From: Martin KaFai Lau <martin.lau@linux.dev>
To: Amery Hung <ameryhung@gmail.com>
Cc: netdev@vger.kernel.org, alexei.starovoitov@gmail.com,
andrii@kernel.org, daniel@iogearbox.net, memxor@gmail.com,
martin.lau@kernel.org, kpsingh@kernel.org,
yonghong.song@linux.dev, song@kernel.org, haoluo@google.com,
bpf@vger.kernel.org, kernel-team@meta.com
Subject: Re: [PATCH bpf-next v7 10/17] bpf: Support lockless unlink when freeing map or local storage
Date: Fri, 6 Feb 2026 15:25:06 -0800 [thread overview]
Message-ID: <b51ca47f-46e2-457e-a152-2f7fbdeee1e2@linux.dev> (raw)

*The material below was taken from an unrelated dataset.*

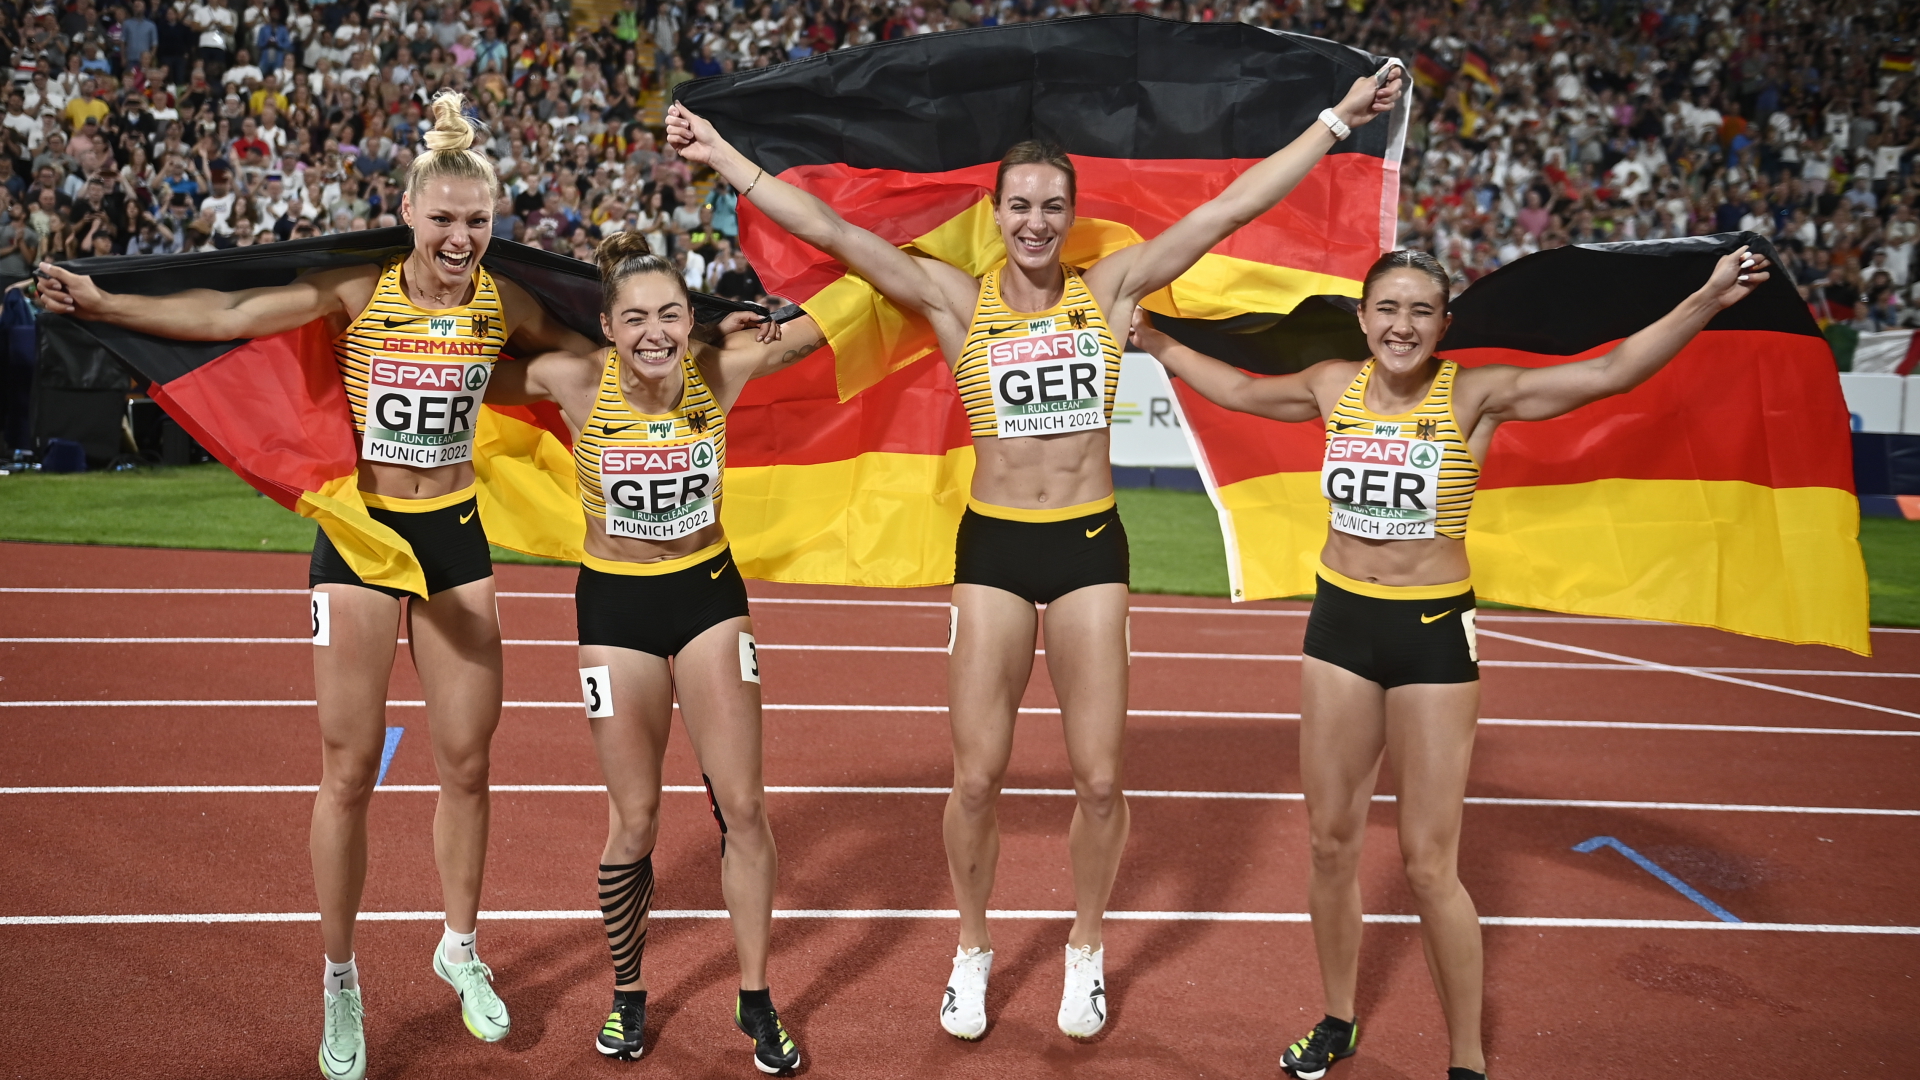 Die Sprinterinnen Alexandra Burghardt, Lisa Mayer, Gina Luckenkemper und Rebekka Haase bejubeln ihren Sieg über 4x100-Meter mit Deutschland-Fahnen. | EPA

In-Reply-To: <20260205222916.1788211-11-ameryhung@gmail.com>
On 2/5/26 2:29 PM, Amery Hung wrote:
> +/*
> + * Unlink an selem from map and local storage with lockless fallback if callers
> + * are racing or rqspinlock returns error. It should only be called by
> + * bpf_local_storage_destroy() or bpf_local_storage_map_free().
> + */
> +static void bpf_selem_unlink_nofail(struct bpf_local_storage_elem *selem,
> + struct bpf_local_storage_map_bucket *b)
> +{
> + bool in_map_free = !!b, free_storage = false;
> + struct bpf_local_storage *local_storage;
> + struct bpf_local_storage_map *smap;
> + unsigned long flags;
> + int err, unlink = 0;
> +
> + local_storage = rcu_dereference_check(selem->local_storage, bpf_rcu_lock_held());
> + smap = rcu_dereference_check(SDATA(selem)->smap, bpf_rcu_lock_held());
> +
> + if (smap) {
> + b = b ? : select_bucket(smap, local_storage);
> + err = raw_res_spin_lock_irqsave(&b->lock, flags);
> + if (!err) {
> + /*
> + * Call bpf_obj_free_fields() under b->lock to make sure it is done
> + * exactly once for an selem. Safe to free special fields immediately
> + * as no BPF program should be referencing the selem.
> + */
> + if (likely(selem_linked_to_map(selem))) {
> + hlist_del_init_rcu(&selem->map_node);
> + bpf_obj_free_fields(smap->map.record, SDATA(selem)->data);
> + unlink++;
> + }
> + raw_res_spin_unlock_irqrestore(&b->lock, flags);
> + }
> + /*
> + * Highly unlikely scenario: resource leak
> + *
> + * When map_free(selem1), destroy(selem1) and destroy(selem2) are racing
> + * and both selem belong to the same bucket, if destroy(selem2) acquired
> + * b->lock and block for too long, neither map_free(selem1) and
> + * destroy(selem1) will be able to free the special field associated
> + * with selem1 as raw_res_spin_lock_irqsave() returns -ETIMEDOUT.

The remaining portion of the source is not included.